The week we’re all about to experience next month is what Christ-followers through the ages have referred to as Holy Week. Holy Week begins on Palm Sunday and carries on through Maundy Thursday and Good Friday, culminating on Easter Sunday. It’s a time for Christ-followers to engage with Jesus’ journey to the cross and beyond, beginning with His triumphal entry into Jerusalem and concluding with his lonely trek from the Upper Room through Gethsemane, and ultimately to the cross and the empty tomb.

At its core, the life-giving message of Holy Week is one of God tearing down walls: walls that keep us from experiencing a relationship with Him … walls that exclude us from experiencing meaningful relationships with one another … walls resulting in unnecessary division and heartbreak … walls that grieve the heart of God and distort His original plan for humanity.

The central message of Holy Week is communicated clearly by the Apostle Paul in Ephesians 2 …
“God loved us so much, that even though we were dead because of our sins, he gave us life when he raised Christ from the dead. And Christ himself has brought peace to us. He broke down the wall of hostility that separates us from Him. He also made peace by creating in Himself one new people. Christ reconciled us to God by means of his death on the cross, and our hostility toward each other was put to death as well.”
The dilemma that all of us face is this: what do we do with all the mistakes, transgressions, shortcomings, and sins that we commit that erect a wall between us and God? The message of Holy Week isn’t merely that God forgives sinners. He takes away all our sins, and it has nothing to do with our religious performance. Jesus took our sin upon himself on the cross and carried it away. And then, to boot, He arose from the dead to reveal His authority to do this, and to bestow a power for us to live beyond the limiting bondage of sin. The Bible calls this peace with God.
As if this isn’t enough, in the overflow of such forgiveness and peace, we’re able to forgive others more fully and live with a heart of peace toward those who previously enraged us. And in response to God’s unconditional love for us, we’re empowered to look beyond the labels, stereotypes, and prejudices that build walls of alienation in our relationship with others. We’re able to see people as God does: objects of His transforming love, for whom Christ died and rose again. People who matter to Him, no matter who they are or where they’ve been in life.
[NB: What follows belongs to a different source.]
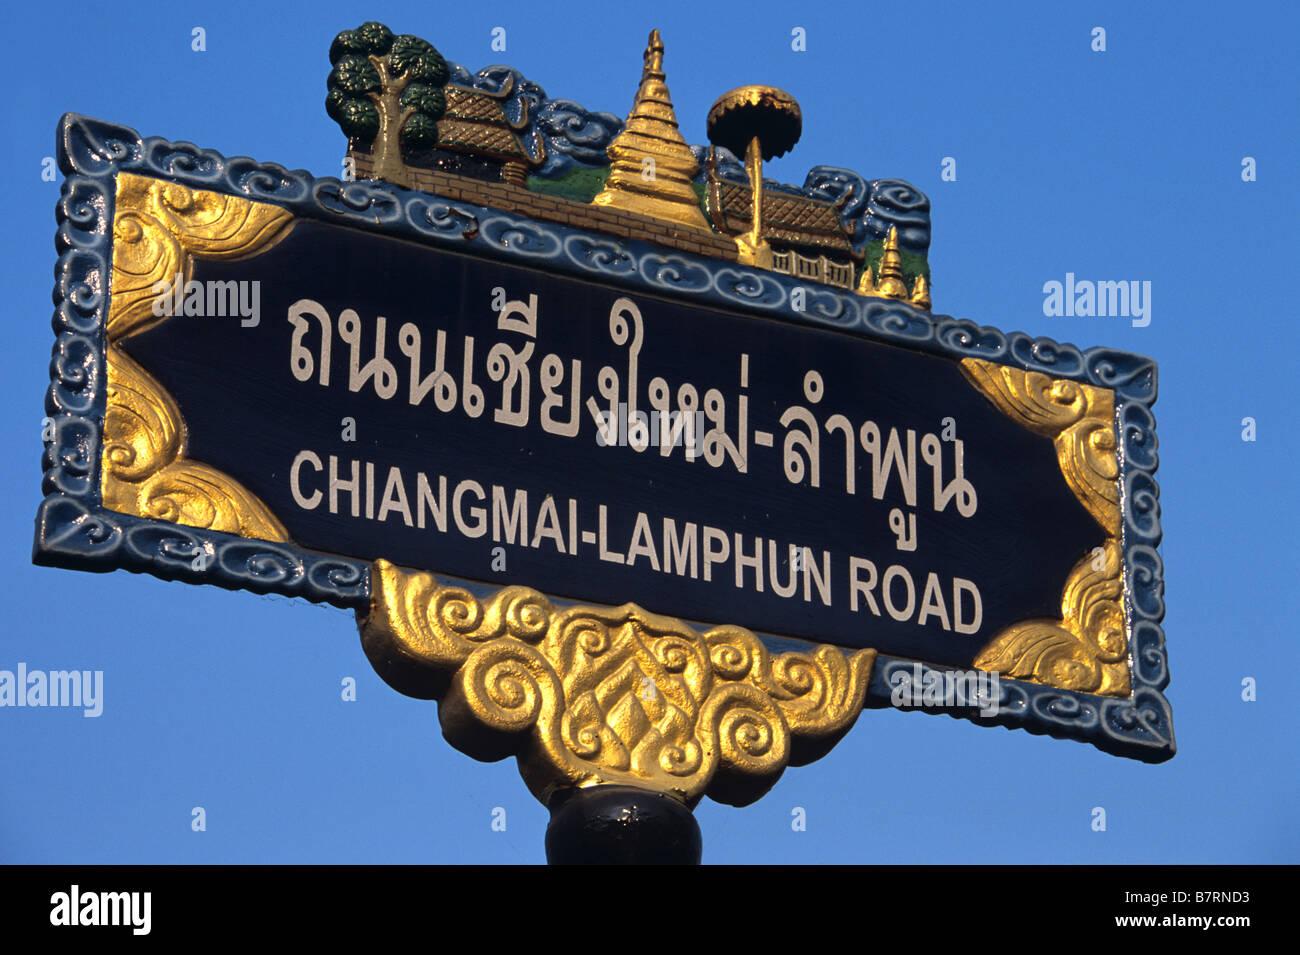 Bilingual Street Sign, Chiang Mai - Lumphun Road, Chiang Mai, Written in Thai Alphabet & English Roman Script, - Stock Image

If you’re a follower of Christ, my prayer is that this upcoming Holy Week 2023 will allow you to celebrate what God has done for you in tearing down the walls of sin and hostility, resulting in your restored relationship with Him and with others. And that it will also prompt you to look around and consider the walls that you have built in your relationships with others, allowing the transformative power of the Gospel to break down those things that keep these relationships from being all that God desires, and you most deeply long for.

Have a blessed Holy Week, RCS family, and may the walls in your life become rubble thanks to the amazing grace of God!